With the increasing ubiquity of smart phones and social networking, predatory online behavior is affecting people on an unprecedented scale. Researchers at Ohio University conducted a qualitative study to develop a better understanding of the effect of cyberbullying and online aggression on college students, a surprisingly understudied population concerning these phenomena. Their results are available in Deviant Behavior, a journal publication from Routledge.

Free Access Article
“I Hate Everything About You”: A Qualitative Examination of Cyberbullying and On-Line Aggression in a College Sample, Rebecca Rafferty, Thomas Vander Ven

The researchers defined cyberbullying as “repeated unwanted, hurtful, harassing, and/or threatening interaction through electronic communication media,” and online aggression as “hurtful, harassing, and/or threatening behavior that is not repeated.” The scope of knowledge surrounding these behaviors is expanding, but most prior studies have sampled K-12 students, while studies of older populations have overlooked cyberbullying’s causes and consequences, limiting the reach of potential solutions.

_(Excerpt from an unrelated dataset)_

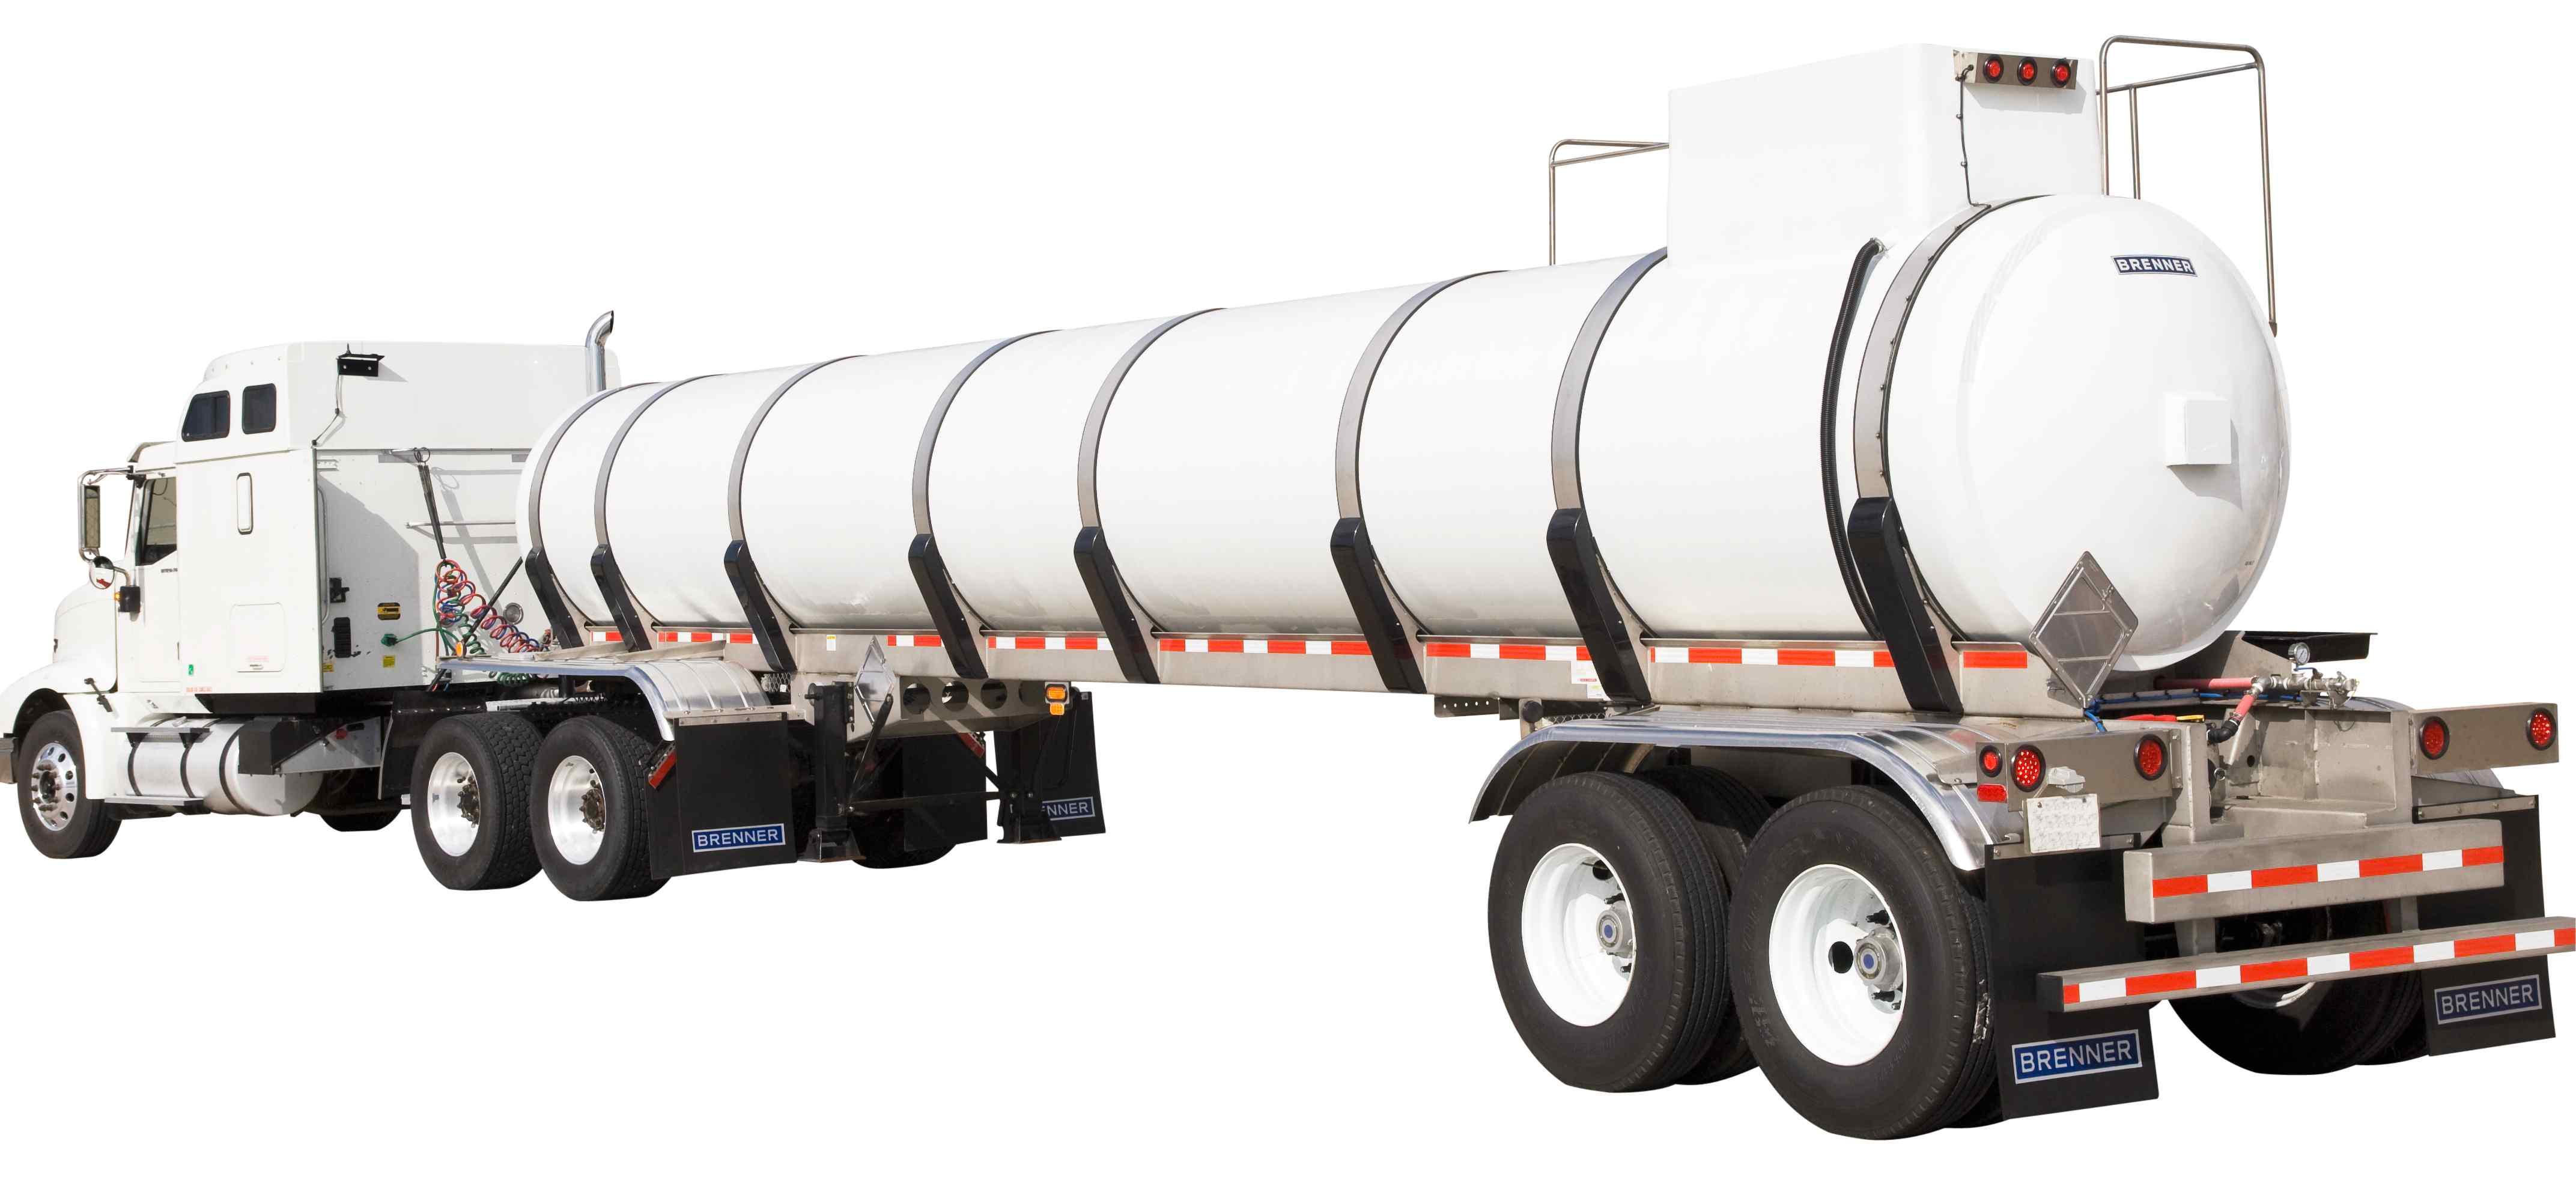 Poly Tank Trailer : Wabash national s brenner plastic tank trailer

221 college students were surveyed regarding their experiences with cyberbullying and aggressive online behavior. Their responses identify cyber sanctioning, power struggles, and entertainment as three primary motivations. Cyber sanctioning refers to peer pressure exerted online, primarily through insults and shame, in an attempt to modify the behavior of its target. Power struggles were defined as “the attempt to hurt, humiliate, or influence the behavior of another individual in order to gain or regain access to some valued resource.” Entertainment, or “trolling,” is cyberbullying for the purpose of amusing the perpetrator, often facilitated by anonymity.

While the goal of this study was to expand knowledge of the cyberbullying problem, the authors recognize the importance of working towards solutions; future research on how to train individuals of all ages to intervene in cyberbullying and online aggression is suggested.